I

Let us not forget that we live in pregnant and decisive times. It is probable that our descendants will envy us the dawn through which, without knowing it, we are passing, just as we envy those who took part in the age of Pericles, in the most glorious days of Roman greatness and in certain hours of the Italian Renascence. The splendid dust that clouds the great movements of men shines brightly in the memory, but blinds those who raise it and breathe it, hiding from them the direction of their road and, above all, the thought, the necessity or the instinct that leads them.

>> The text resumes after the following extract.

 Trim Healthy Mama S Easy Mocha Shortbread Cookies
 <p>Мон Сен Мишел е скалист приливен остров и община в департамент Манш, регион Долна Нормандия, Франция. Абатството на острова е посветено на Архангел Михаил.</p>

It concerns us to take account of this. The web of daily life varies little throughout the centuries in which men have attained a certain facility of existence. This web, in which the surface occupied by boons and evils remains much the same, shows through it either light or dark according to the predominant idea of the generation that unfolds it. And, whatever its form or its disguise may be, this idea always reduces itself, in the ultimate issue, to a certain conception of the universe. Private or public calamity and prosperity have but a fleeting influence on the happiness and unhappiness of mankind, so long as they do not modify the general ideas with which it is nurtured and enlightened on the subject of its gods, of infinity, of the great unknown and of the world's economy. Hence, we must seek there, rather than in wars and civil troubles, if we would know whether a generation have passed in darkness or in light, in distress or in joyfulness. There we see why one people, which underwent many reverses, has left us numberless evidences of beauty and of gladness, whereas another, which was naturally rich or often victorious, has bequeathed to us only the monuments of a dull and awe-struck life.